Isolate.addOnExitListener()往往与Isolate.addOnExitListener()配合使用,后者用于监听 Isolate 的终止(Terminate)。每个 Worker Isolate 都需要被监听,因此我们将重构 Worker 类,在其构造函数中启动监听,同时在 Worker 类中新增必要的字段。

Worker 类添加如下字段:

  final int id;
  final String name;
  final errorPort = ReceivePort();
  final exitPort = ReceivePort();
  final OnCrashCallback onCrash;

其中 OnCrashCallback 是处理Isolate 崩溃的回调函数:

typedef OnCrashCallback = Future Function(Worker, dynamic ex, dynamic stack);

启动监听

  Worker(this.id, this.name, this.isolate, this.sendPort, this.onCrash) {
    _addListeners();
  }

  void _addListeners() {
    isolate.addErrorListener(errorPort.sendPort);
    isolate.addOnExitListener(exitPort.sendPort);

    errorPort.listen((message) {
      final [ex, stack] = message;
      myprint('$name crash: $ex');
      onCrash(this, ex, stack);
    });

    exitPort.listen((_) {
      myprint('$name exit');
      errorPort.close();
      exitPort.close();
    });
  }

重启崩溃的Isolate

当检测到 Worker Isolate 崩溃时,WorkerPool 需要具备“自愈”能力(即onCrash 函数需要完成之事):

  • 处理遗留任务:给正在处理的 Completer 发送错误,或者将其任务移交给新的 Worker,防止主线程挂起。
  • 重新补员:立即终止旧的Isolate(强制释放相关资源),并创建一个新的 Isolate 来替代崩溃的那个。

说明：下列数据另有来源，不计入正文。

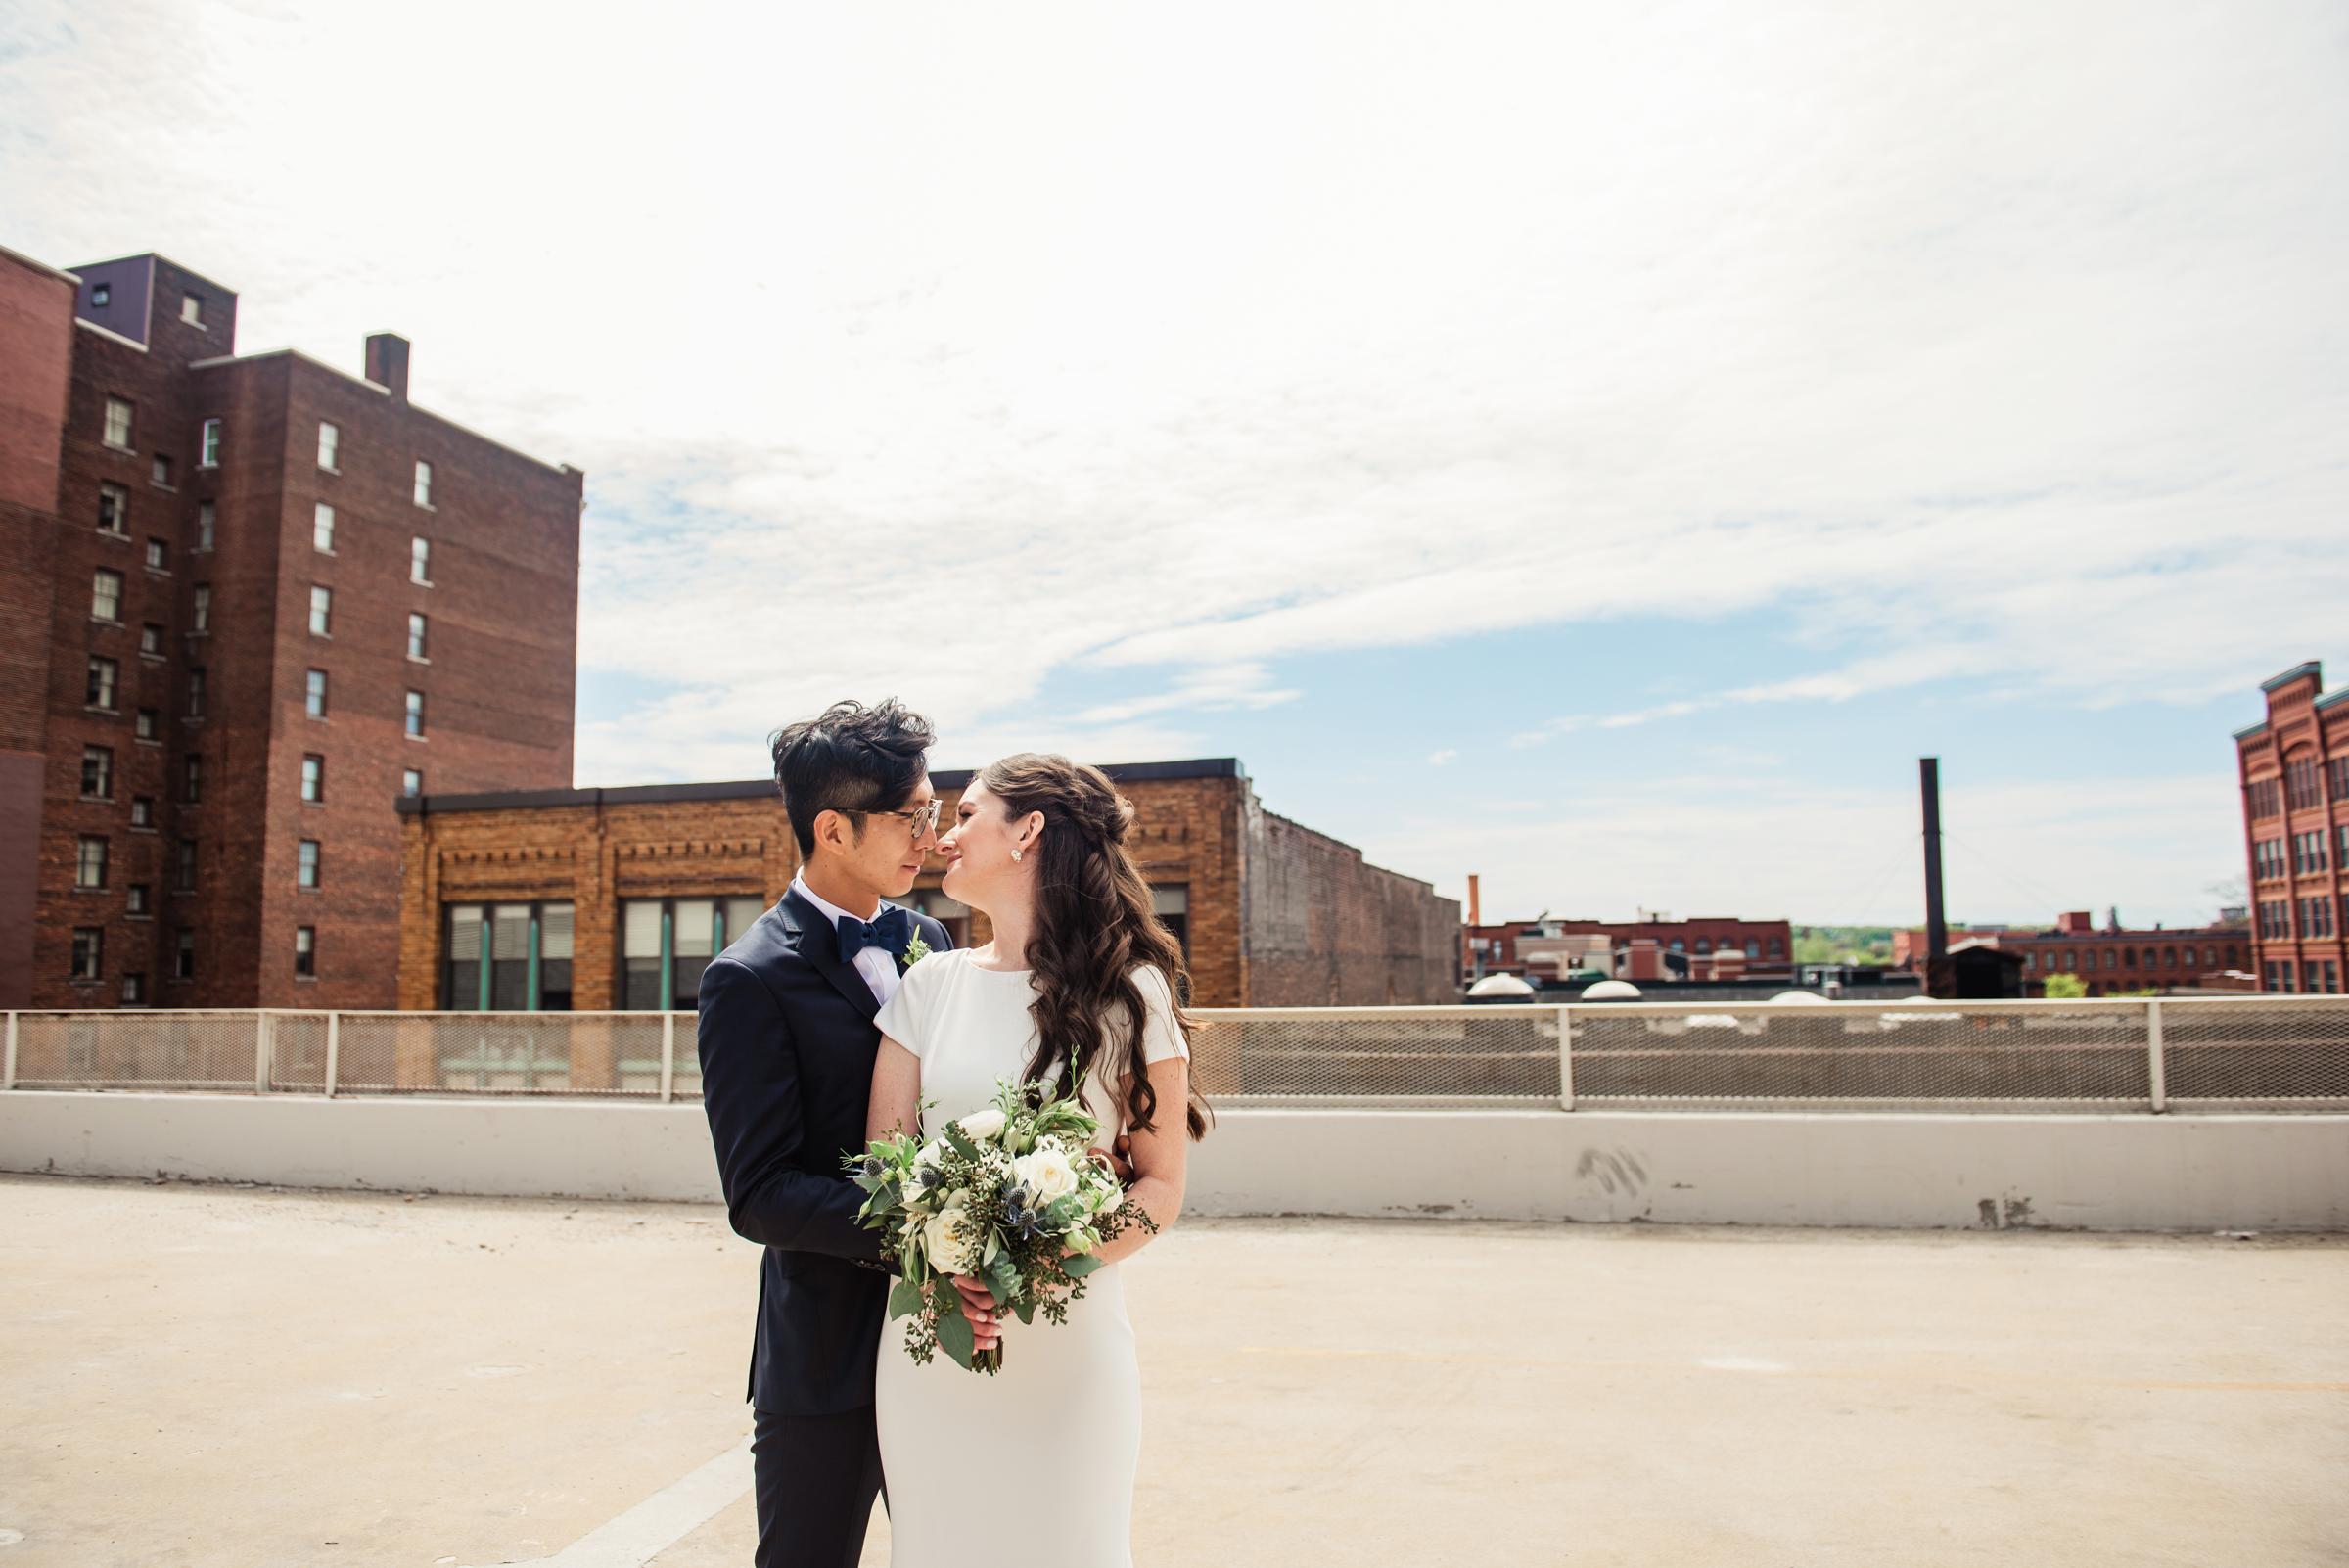 SKY_Armory_Syracuse_Wedding_JILL_STUDIO_Rochester_NY_Photographer_DSC_5291.jpg

为了将正在处理的任务移交给新的 Worker,我们需要记录 TaskData;同时为了防止无限次移交,给 TaskData 新增一个 maxComputation(默认为1),该字段代表了任务最多被执行多少次。以下是对应的代码片段:

class TaskData {
  final Function task;
  final Record data;
  final int maxComputation;

  TaskData(this.task, this.data) : maxComputation = 1;
  TaskData.maxComputations(this.task, this.data, this.maxComputation);
}

class Worker {
  final Isolate isolate;
  final SendPort sendPort;

  bool idle = true;
  bool died = false;

  Completer? completer;
  TaskData? taskData;
  int computations = 0;
  // ... (omitted for brevity)
}  

字段 died 用于标记 Worker.isolate 已终止,computations 用于记录任务执行次数。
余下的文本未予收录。